The metabolic laboratory at The Victorian Clinical Genetics Services (VCGS) provides clinical testing for inborn errors of metabolism (a class of genetic disorders).
Metabolic disorders result from a defective enzyme involved in the breakdown of the food we eat.
This leads to abnormal metabolites to accumulate in blood or urine which can be toxic and affect development. Our laboratory also monitors individuals diagnosed with a metabolic disorder identified from the newborn screening program.
Testing is designed to identify patients (usually babies or infants) with metabolic disorders (also known as inborn errors of metabolism).
Metabolism is the process your body uses to make energy from the food you eat. Food is made up of proteins, carbohydrates, and fats. Enzymes in your digestive system break the food down into compounds such as sugars and acids. These act as fuel for your body.
A metabolic disorder usually occurs when a single enzyme involved in the breakdown of food is either not produced or is not working properly. This leads to a build up of chemicals in the blood or urine. This can be toxic and can affect normal development.
Metabolic testing at VCGS looks at a number of different metabolites: amino acids, organic acids, acyl carnitines and glycosaminoglycans. Abnormal levels of any of these metabolites can indicate a metabolic disorder.

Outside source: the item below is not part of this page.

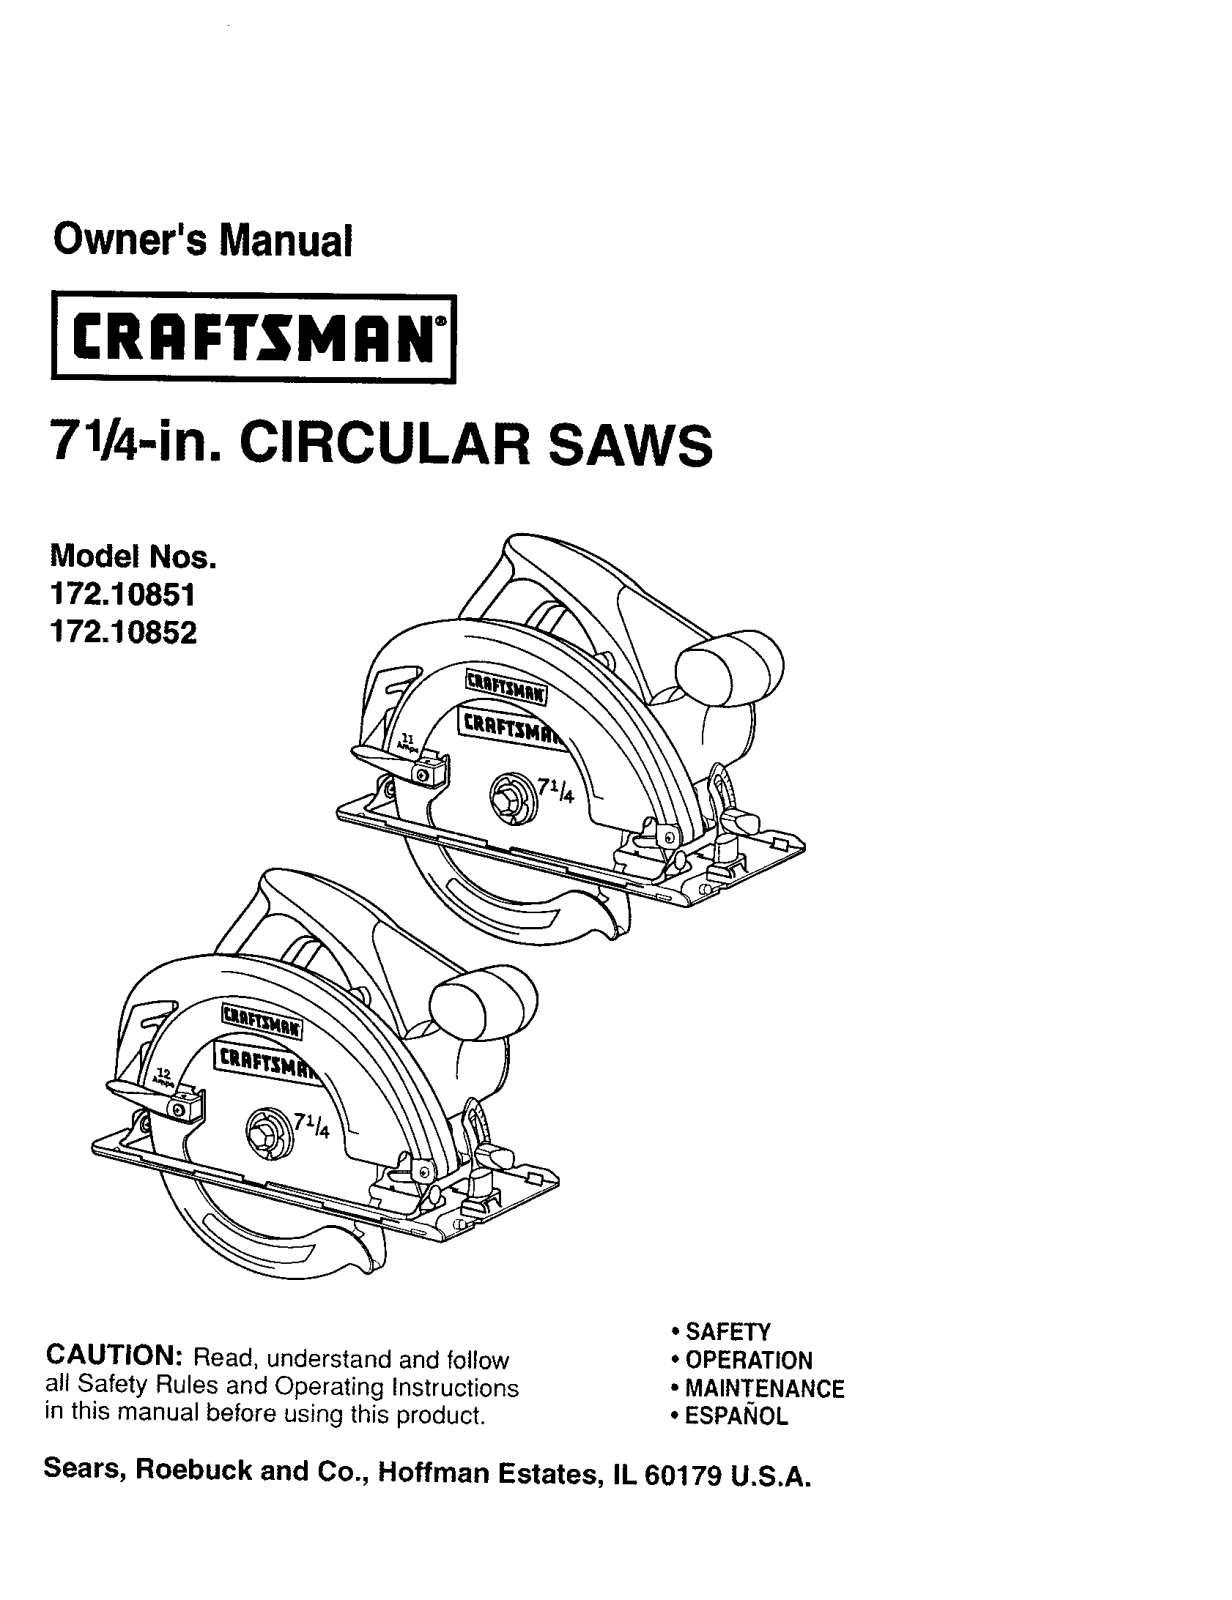 Craftsman 17210851, 17210852 Owner’s Manual

Testing is performed on blood, urine or cerebrospinal fluid, depending on what metabolite is being investigated. Please refer to test & specimen requirements.

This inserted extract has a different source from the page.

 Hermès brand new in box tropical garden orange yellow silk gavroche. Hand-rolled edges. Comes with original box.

Testing is usually arranged by a specialist doctor when an individual is suspected of having a metabolic disorder. Often, this occurs in the newborn period, when babies are identified via newborn screening.
What are the symptoms of a metabolic disorder?
The symptoms of genetic metabolic disorders vary widely. Some symptoms include lethargy, vomiting, failure to gain weight and seizures.
For many metabolic disorders, symptoms typically appear within a few weeks after birth, however some may take years for symptoms to develop. The symptoms may come on suddenly or progress slowly.
What treatments are available for a metabolic disorder?
Treatment for genetic metabolic disorders aim to reduce the level of the metabolite in the body. This can be done through diet, by limiting the intake of any food that can't be metabolised properly. Enzyme replacement therapy can also be used, as well as methods to remove the metabolic compound that has built up in the system.
For some metabolic disorders there are no effective treatments.